I couldn’t tell what caused my tears first, now turning cold in the salt air. Was it the glare off the Pacific Ocean, one of the few places close to my home that felt both beautiful and accessible during shelter in place? Or the sunscreen sweating into my eyes, after the short hike my housemate and I had just completed? Or was it the news about the permanent closure of The Stud’s location at 399 9th Street in San Francisco. Since March, when shelter in place orders first rolled into effect, through the panic shopping, the masked walks, and the various ways my community was showing up through distance and digital connection, my friends and I had a refrain: When this is over, I can’t wait to go to the Stud. But a game of gay gossip telephone revealed the Stud’s closure, before their official announcement. All this, in the midst of quarantine, trickling into Instagram feeds a little over a month before San Francisco Pride on June 28th. A few days after their official announcement, George Floyd would be killed by a Minneapolis police officer sparking a wave of protest and rebellion in the name of Black life.

While the early weeks of the coronavirus pandemic had felt draining for many essential workers (including myself), the scale of the governmental ineptitude in responding to the crisis hadn’t quite registered. The bare minimum in terms of financial protection having been achieved, initiatives to support struggling businesses stopped far short of what was needed. According to Honey Mahogany, a member of The Stud Collective which cooperatively owns the bar, the collective knew the bar would have to move, and began looking for a new space to move into once their year to yearwo lease was up at the end of 2020. Despite finding this new location, coronavirus protection measures meant many gay bars would be closed for their busiest months, which, as Mahogany says, “left a very long time before the end of the year,” putting The Stud in an unsustainable situation. Lex Young, who runs The Stud’s financials, seconded the pain of losing the income of the Summer and Fall months to sheltering in place, noting how, for so many queer people who work in the service industry, “everyone’s busy month where they make all their rent was just coming up.”

11 queer folks pose for the camera in two rows outside a bar at night; their arms are thrown around each other and they look comfortable with each other. The bottom right corner reads Honey Mahogany Presents Black Fridays.

The domestic economic crisis sparked by the spread of coronavirus in early 2020 has permanently shaped the lives of queer people, whether or not they own a business.

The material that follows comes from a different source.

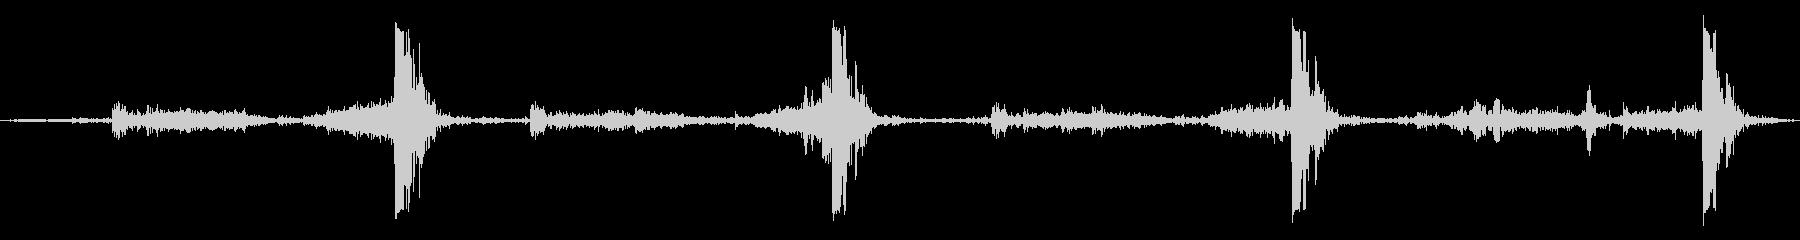 ふすまを閉める音(強めに)の未再生の波形
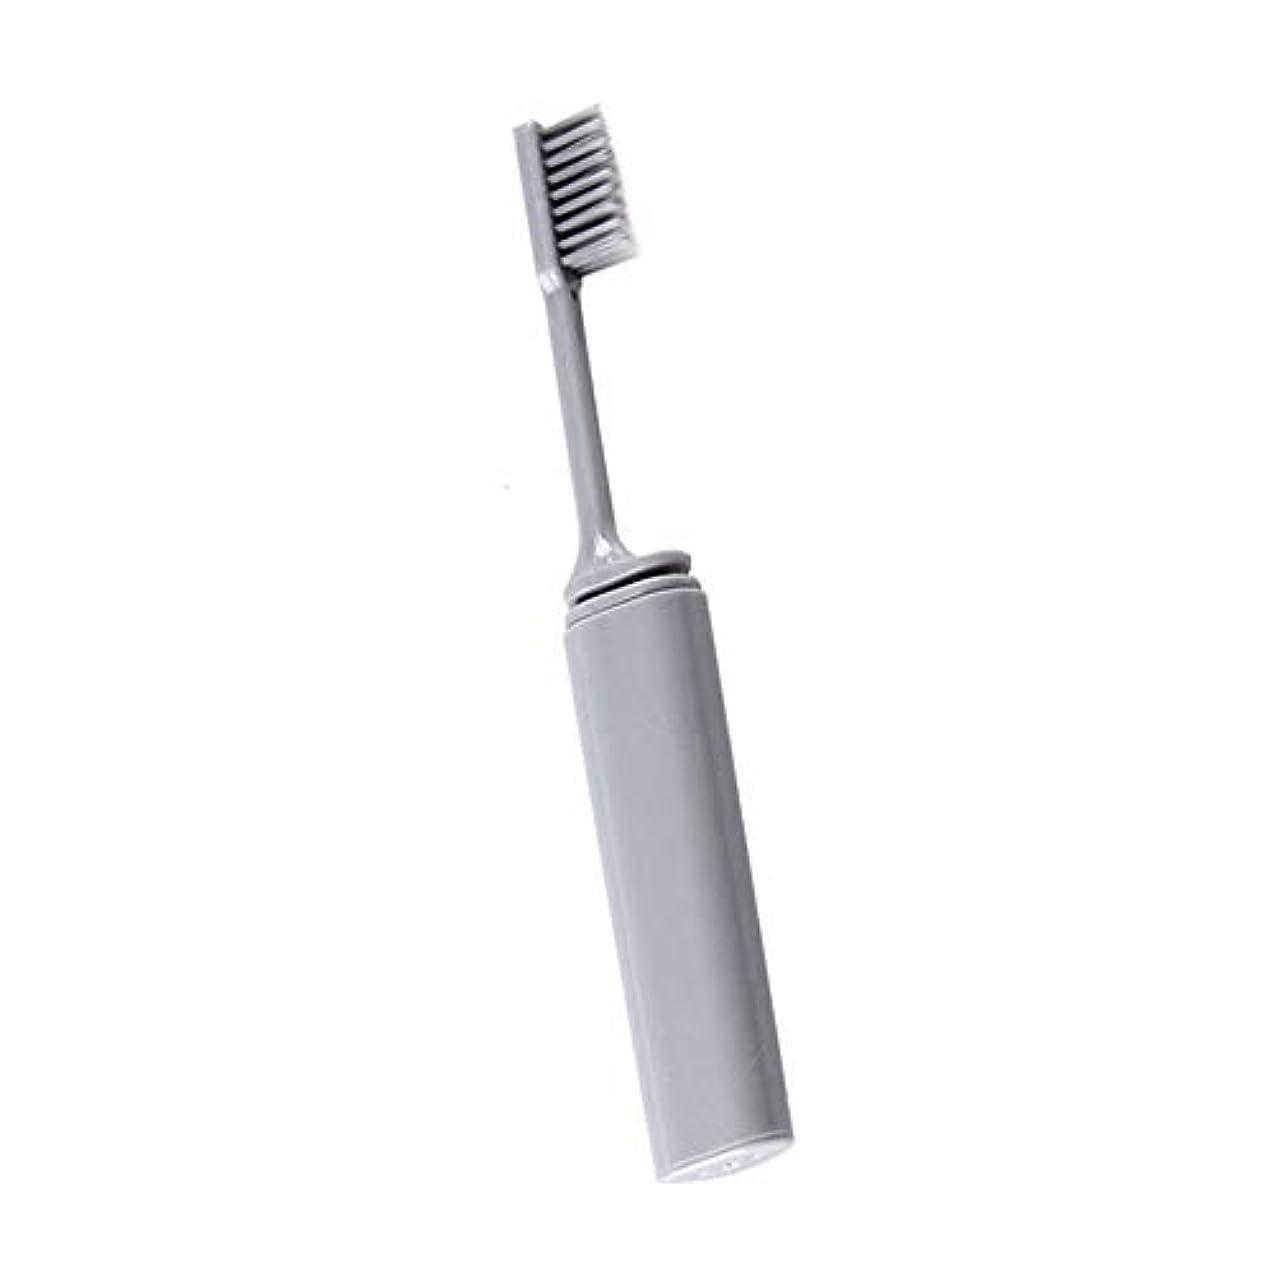 ターゲット何故なの処方Onior 旅行歯ブラシ 折りたたみ歯ブラシ 携帯歯ブラシ 外出 旅行用品, ソフト コンパクト歯ブラシ 便利 折りたたみ 耐久性 携帯用 灰色

While the Stud’s collectivization didn’t fully protect it from feeling the financial burden of months of lost income, it did at least “disperse the risk” Young says, making the process of moving out of their physical space, fielding media requests, and pivoting towards putting on online shows a much more streamlined process. The Stud’s width of programming comes from its collective members’ passion for developing so much creative work, members like Chloe Miller, who serves as a manager, bartender, organizer of the Stud Pin Archive, and de facto bar historian. Some of this broad programming has shifted to digital platforms, like The Stud Stories podcast, and The Stud’s Drag Alive twitch channel, which livestreams weekly drag shows, raising funds for performers, as well as the collective fund for opening a new physical Stud space. The culture of building power, sharing resources, and shaping the community around a business also drives Bluestockings, located on Manhattan’s Lower East Side, which has been collectively owned and operated for over twenty years. For this bookstore and event space, “the community that runs and uses the space is our priority.”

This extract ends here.